For the sake of discussion, let me propose some design alternatives.

1. We already have cache shrinkage built in: when an inode is purged
due to cache shrinkage, the access cache for that inode is purged as
well. In other words, there is already a mechanism for external memory
pressure to shrink this cache. I don't see a strong need to complicate
matters by adding more cache shrinkage than already exists with normal
inode and dentry cache shrinkage.

Now you won't need to hold a global lock to serialize normal accesses
with purging and cache garbage collection. Eliminating global
serialization is a Good Thing (tm).

2. Use a radix tree per inode. The radix tree key is a uid or gid, and
each node in a tree stores the access mask for that {inode, uid} tuple.
This seems a lot simpler to implement than a dual hlist, and will
scale automatically with a large number of uids accessing the same
inode.
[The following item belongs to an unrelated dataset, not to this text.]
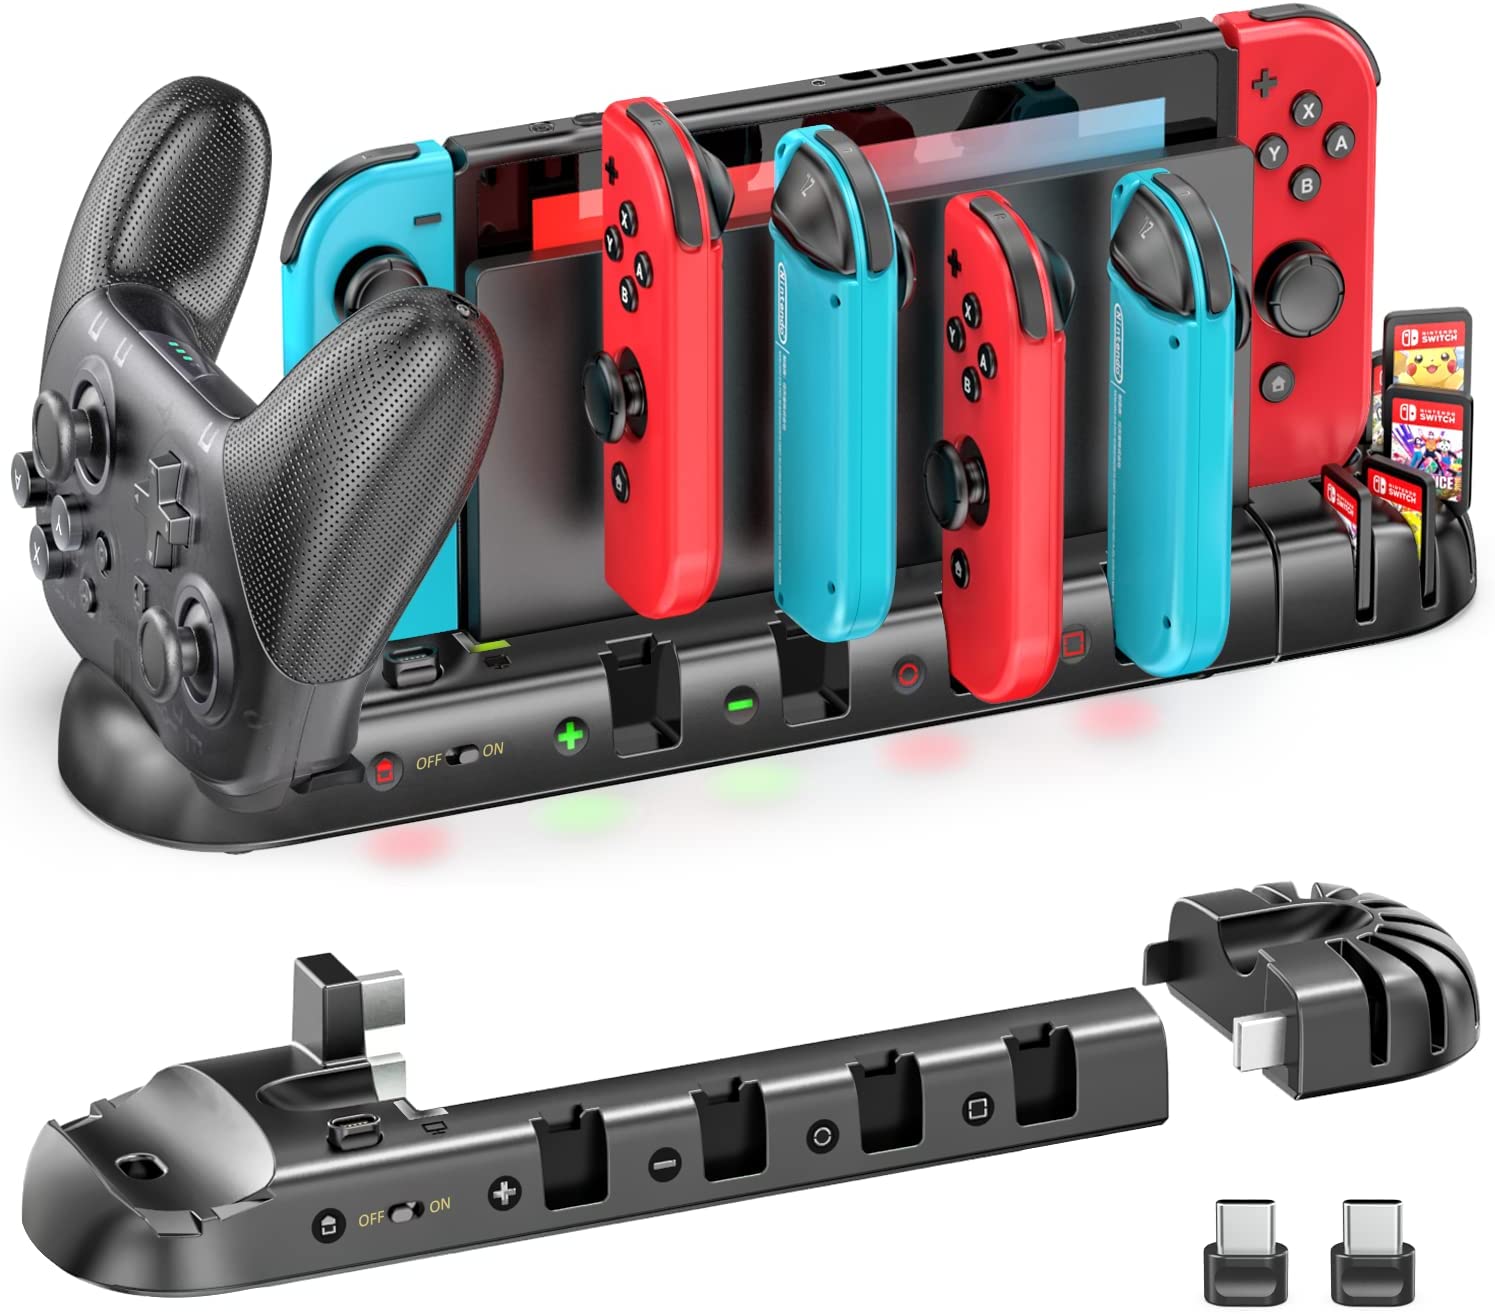 Switch Controller Charger for 6 Joy-Cons and Pro Controller – OIVOGAMES

The nodes are small, and you don't need to allocate a big chunk
of contiguous memory for a hash table.

3. Instead of serializing by spinning, you should use a semaphore. The
reason for this is that when multiple processes owned by the same uid
access the same inode concurrently, only the first process should be
allowed to generate a real ACCESS request; otherwise they will race and
potentially all of them could generate the same ACCESS request concurrently.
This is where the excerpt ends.